External access most often means the transfer of datasets under certain conditions (restricted access). If you will obtain the data as part of a research collaboration, the Intellectual Property Rights and openness of the resulting data should be discussed between the partners before you start collecting data. Relevant factors are:

  • the consent modality (i.e., is there informed consent and what does it state?);

  • the approval of the research by the designated competent body;

  • the conditions of the funders of research data;

  • the conditions under which data were released by the original creator of the data;

  • the conditions of the journal to which the data is submitted (more and more journals demand open access to the underlying data).

7.1.1 Anonymity

Anonymity is an important condition of biomedical research, making it impossible to identify the person behind the data. Anonymous data may become identifiable when datasets are combined; you should consider this before sharing data. The solutions to this issue are:

  • aggregate the data to such a level that they are never identifiable, irrespective of how you combine the data with other data.

  • give access only within the data infrastructure of the original researcher. The new researcher may add data to this infrastructure, but data are only exported when meeting strict, previously determined conditions.

  • create a balanced system of Data Transfer Agreements, corresponding to the type of data that are released, legally obligating the receiver to take responsibility to not re-identify the data.
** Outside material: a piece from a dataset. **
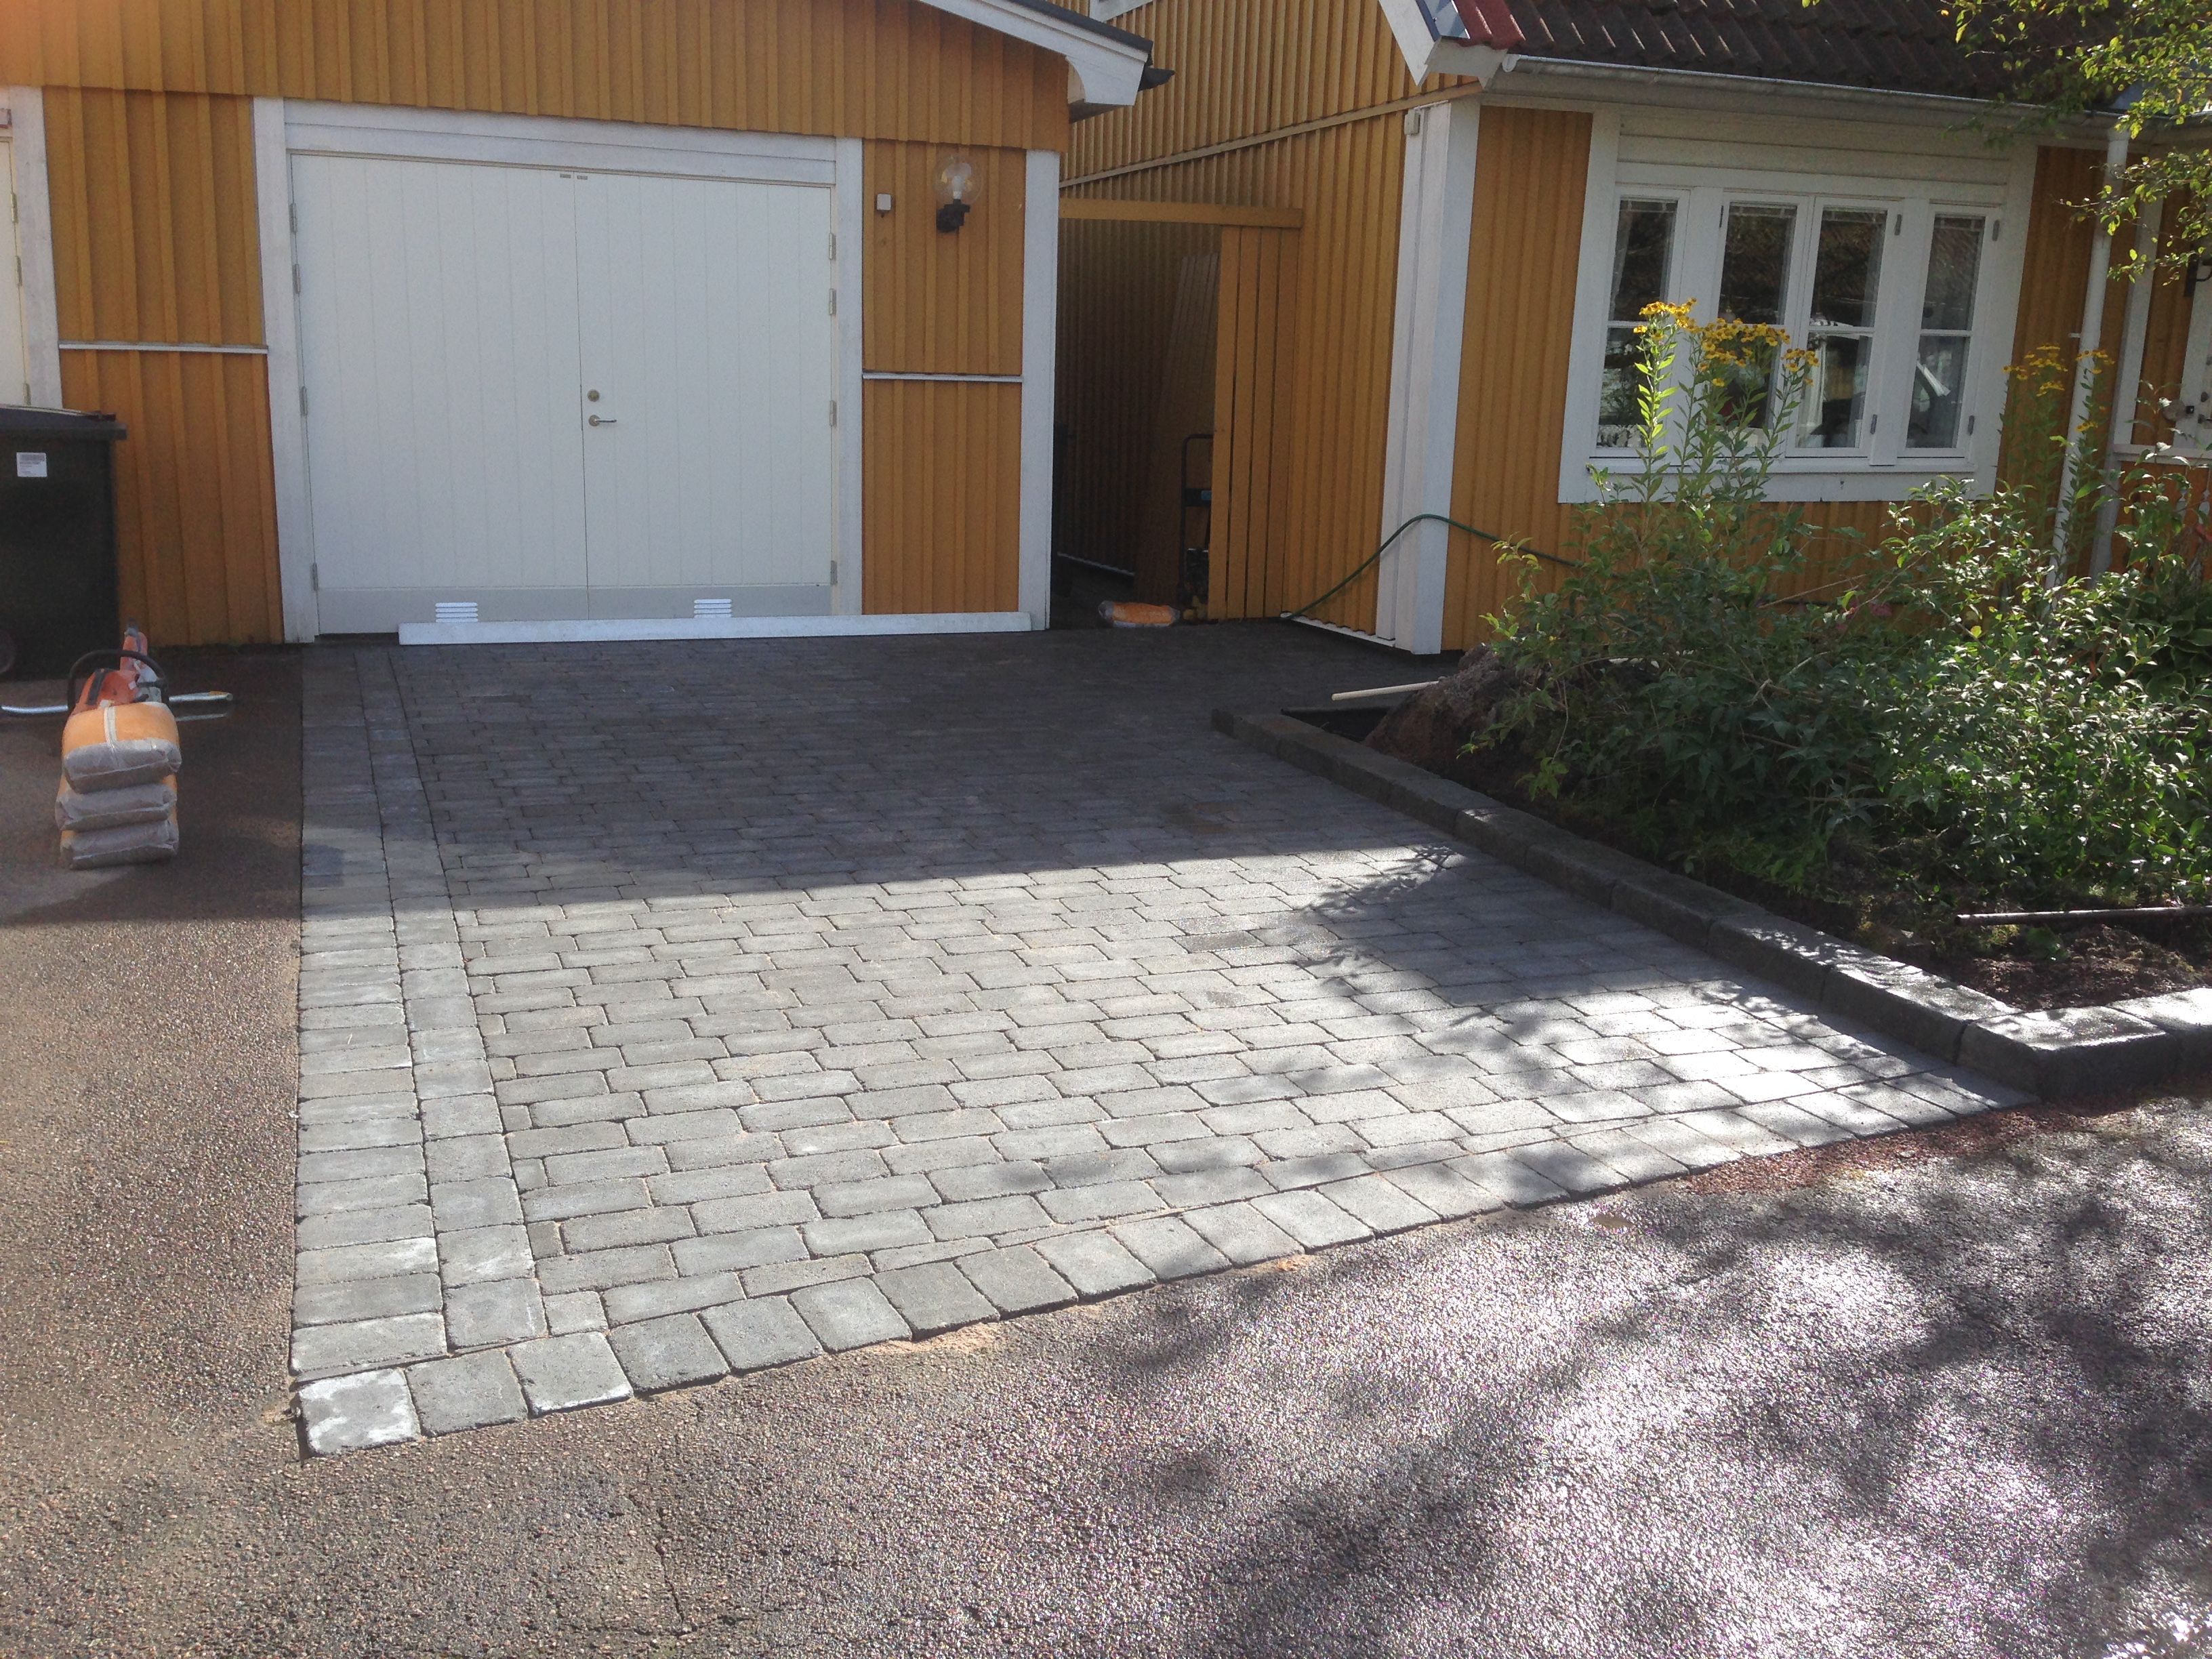 Brunörtsgatan 22 Karlstad 09092016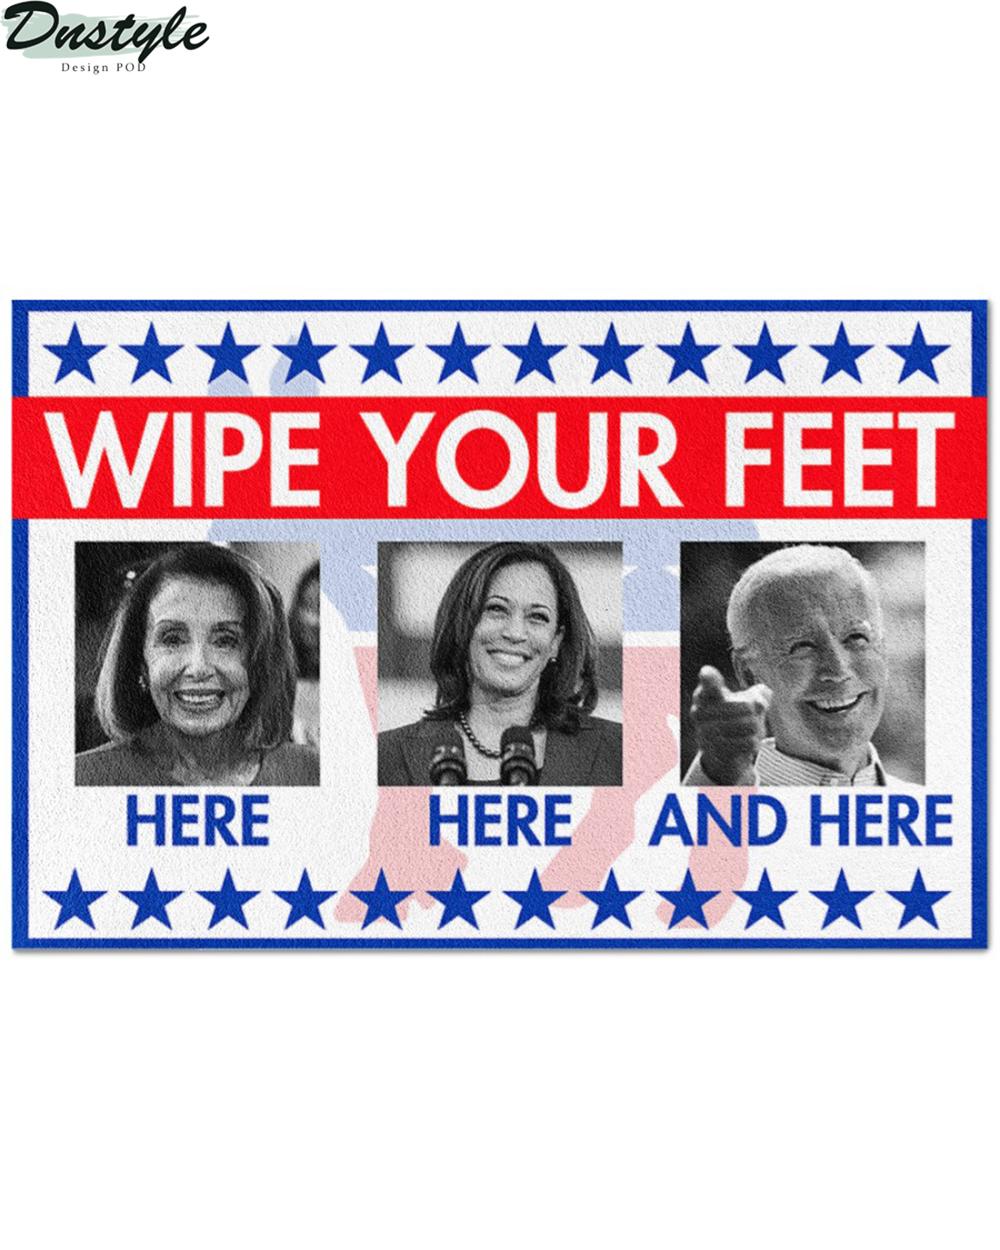 Biden and Kamala Harris wipe your feet here here and here doormat

Having said that, complete anonymity seems almost impossible in the age of digital information technology. By combining data from different sets, it is according to some only a matter of time until every individual can be identified in a so-called anonymous set. In addition, personal data sometimes need to be part of a dataset in order to allocate later events to the same person. In that case, you need to take extra measures to secure the privacy of the study subjects to be GDPR-compliant.

7.2 Sharing with Commercial Parties

Research data may only be shared with an external commercial party if the patient has provided informed consent for this. You should not hand over exclusive rights to reuse or publish your research data to commercial publishers or agents without retaining the rights to make the data openly available for reuse.

8 Conclusion

Adequate research data stewardship has become an indispensable part of clinical research. It is not a goal in itself, but it leads to high quality data and increased data sharing, thus promoting knowledge discovery and innovation. Hence, research funders and scientific journals have formulated guidelines on data stewardship. In addition, adequate data stewardship is necessary to meet legal and ethical requirements. With the growing role of patients as important stakeholders in clinical research, it is expected that the (re)use of data will become a more transparent and democratic process in the years to come.